The Kokosing River (ko-KO-sing) is a tributary of the Walhonding River, 57.2 miles (92.1 km) long, in east-central Ohio in the United States. Via the Walhonding, Muskingum and Ohio Rivers, it is part of the watershed of the Mississippi River, draining an area of 482 square miles (1248 km^{2}).
Etymologically, "Kokosing" translates roughly to "River of Little Owls" in Lenape language.
The Kokosing River rises in Morrow County, northeast of Mount Gilead, and initially flows southwardly.
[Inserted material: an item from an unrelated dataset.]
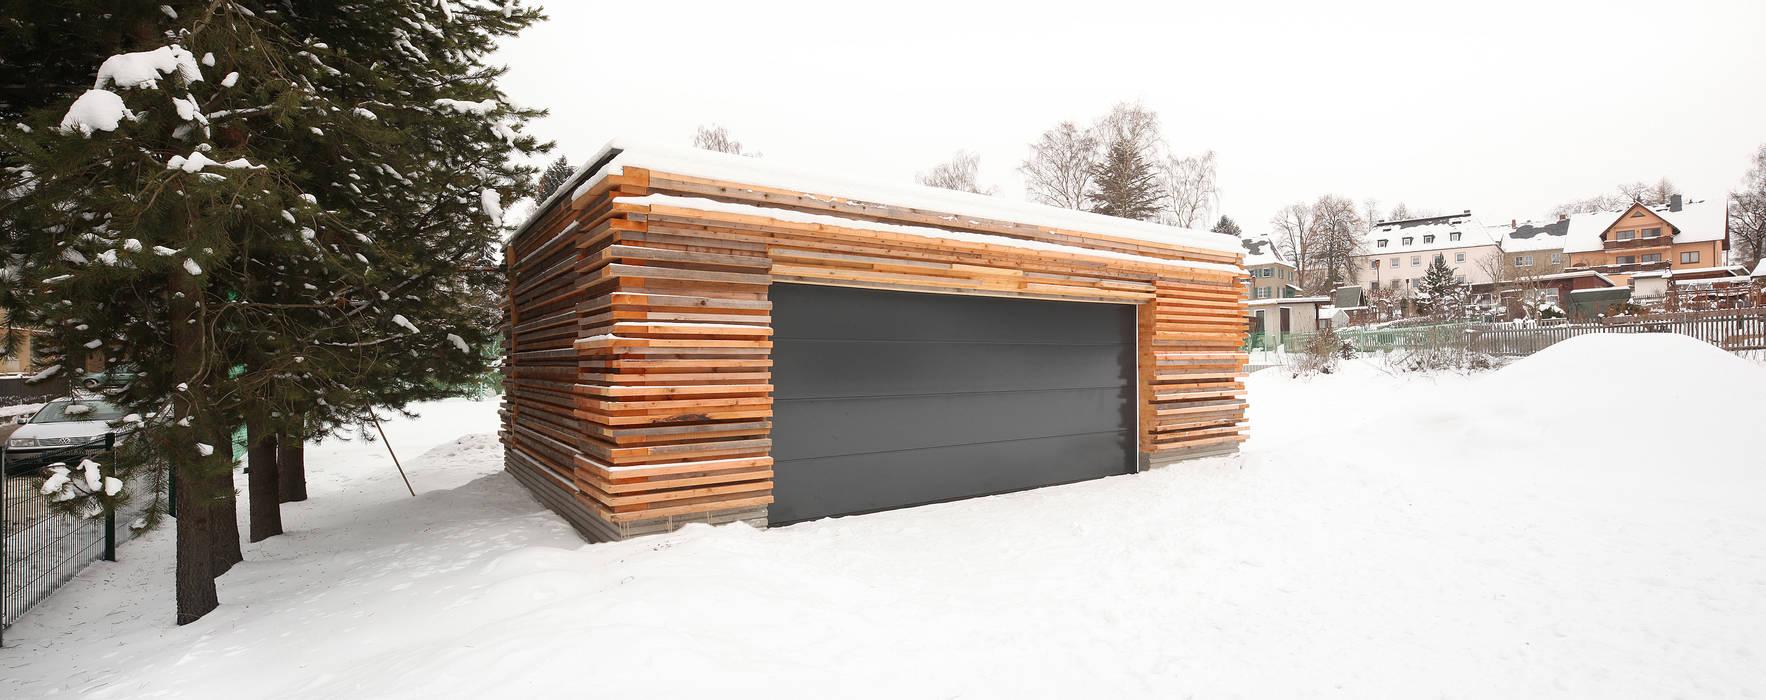 Garage/shed by REICHEL SCHLAIER ARCHITEKTEN GMBH

It turns eastwardly near Chesterville and flows through Knox and Coshocton Counties, passing the communities of Mount Vernon, Gambier and Howard. In western Coshocton County the Kokosing joins the Mohican River to form the Walhonding River, about 2 miles (3 km) northwest of Nellie.

Upstream of Mount Vernon, the Kokosing collects its largest tributary, the North Branch Kokosing River, which rises in Morrow County and flows southeastwardly through Knox County, past Fredericktown.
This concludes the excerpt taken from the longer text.